┌─ RECORDED DATA

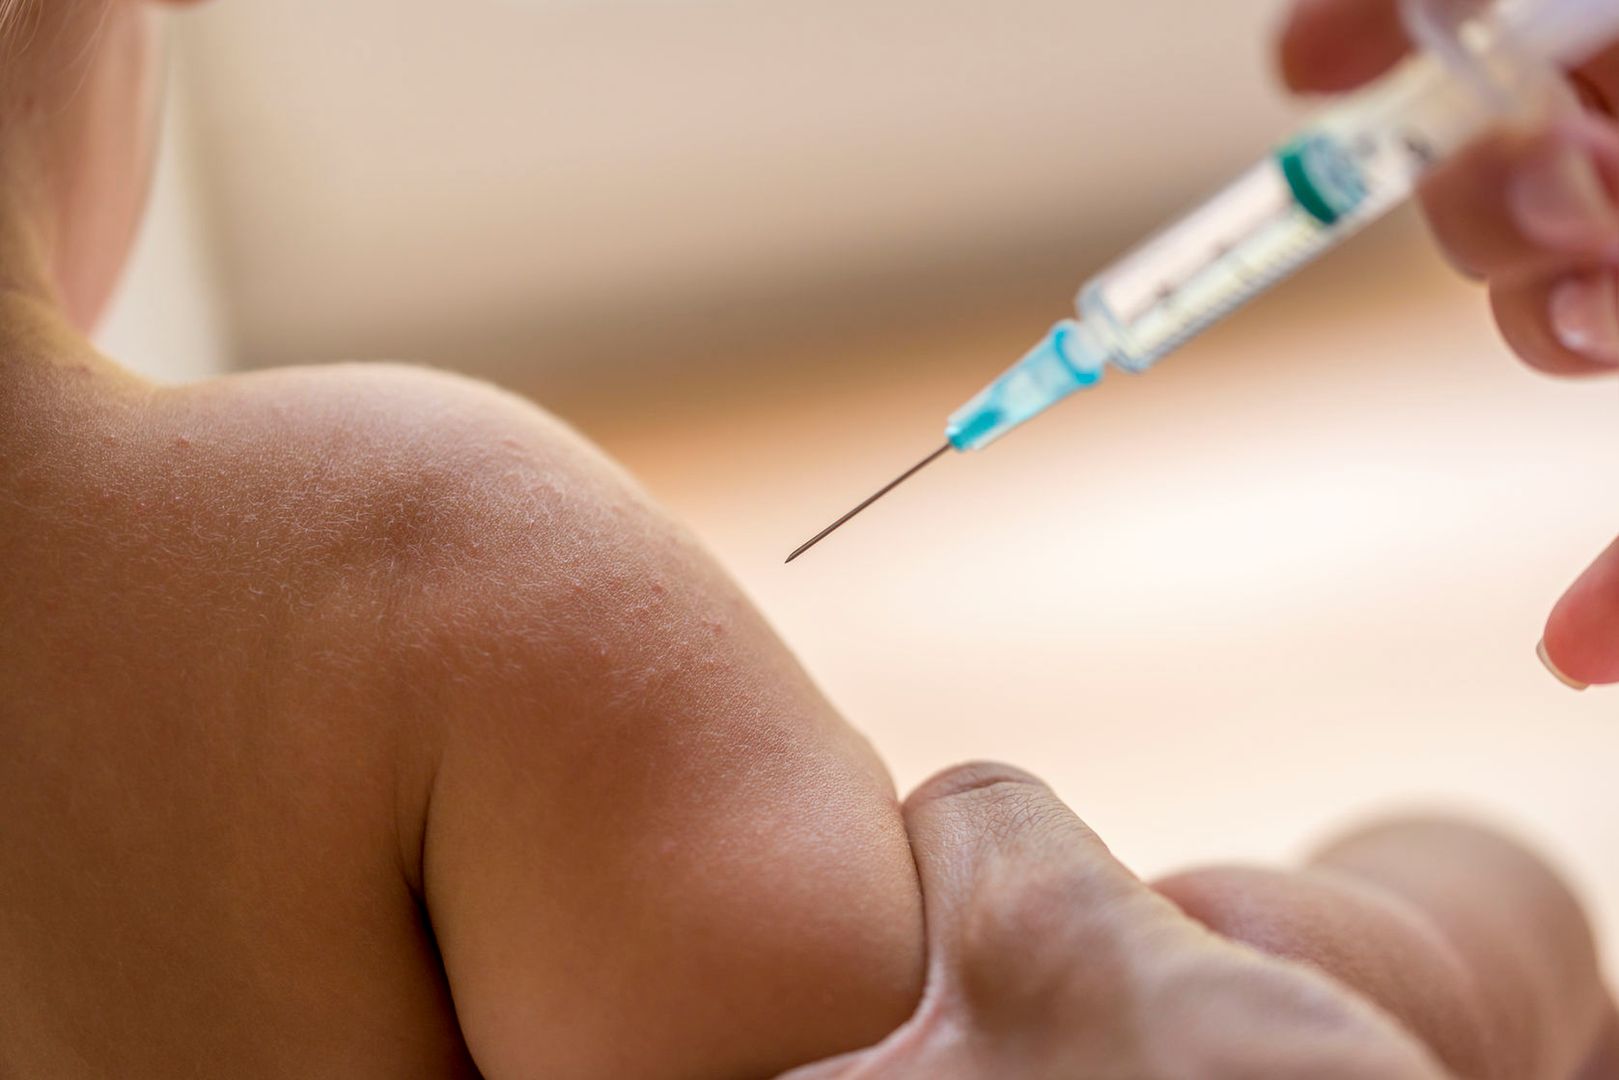 Szczepionki przeznaczone do utylizacji były podawane pacjentom. Kilkaset przypadków w całej Polsce
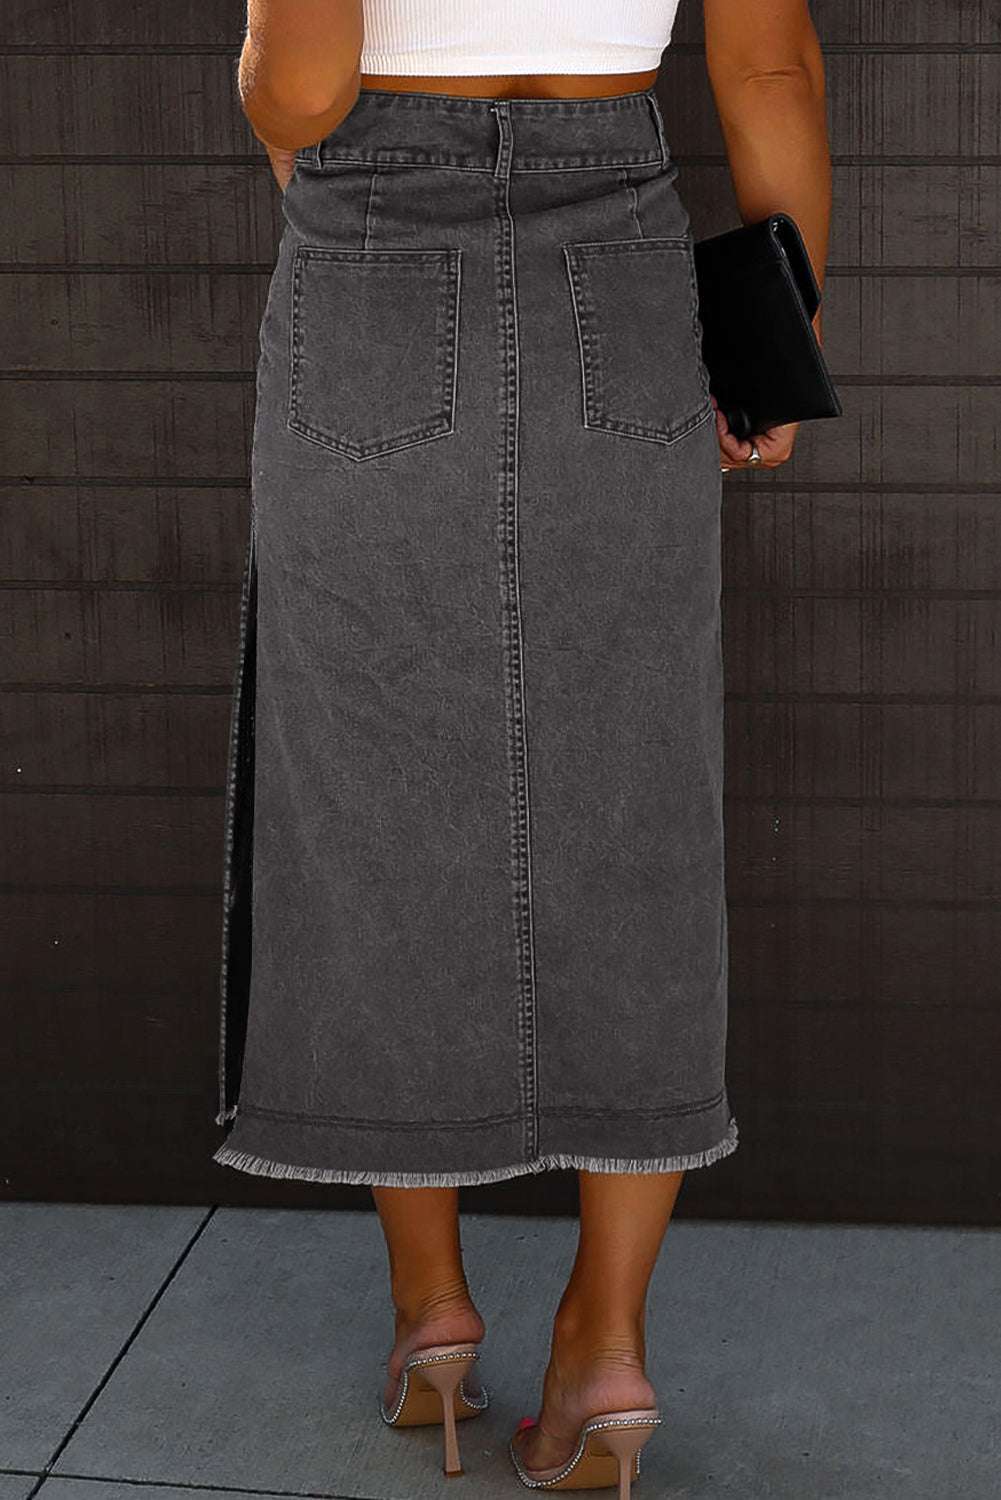 Crna midi traper suknja s neobrađenim rubovima s bočnim prorezima i kopčanjem
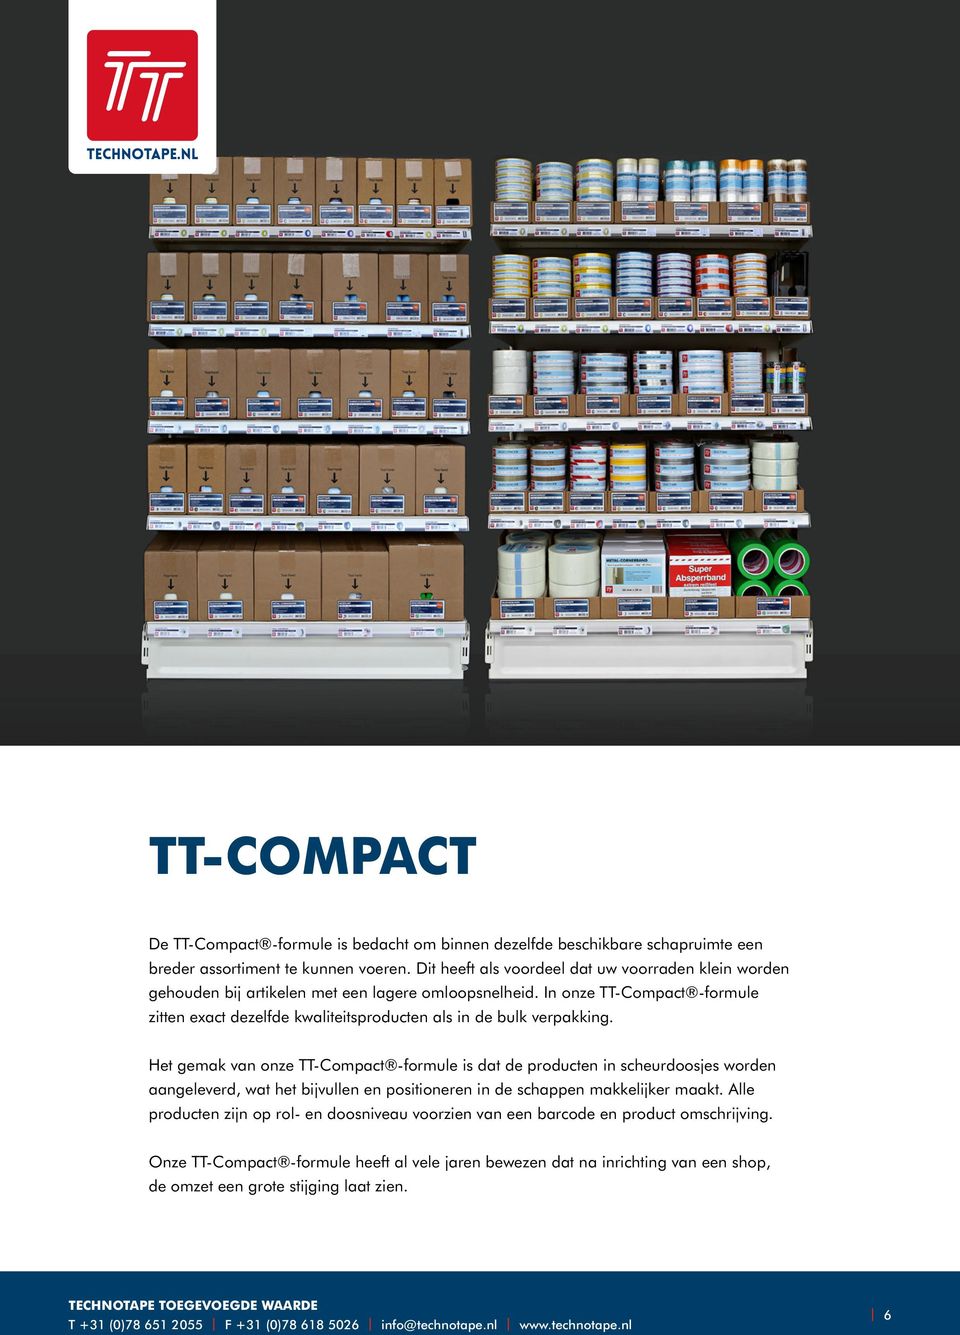 In onze TT-Compact -formule zitten exact dezelfde kwaliteitsproducten als in de bulk verpakking.

└─

WORK TO BE COMPLETED: Now repeat exactly the lines from the one with "Crna midi traper" through the end of the listing above, both included, omitting all pictures.

FINISHED EXERCISE:
 Crna midi traper suknja s neobrađenim rubovima s bočnim prorezima i kopčanjem
 In onze TT-Compact -formule zitten exact dezelfde kwaliteitsproducten als in de bulk verpakking.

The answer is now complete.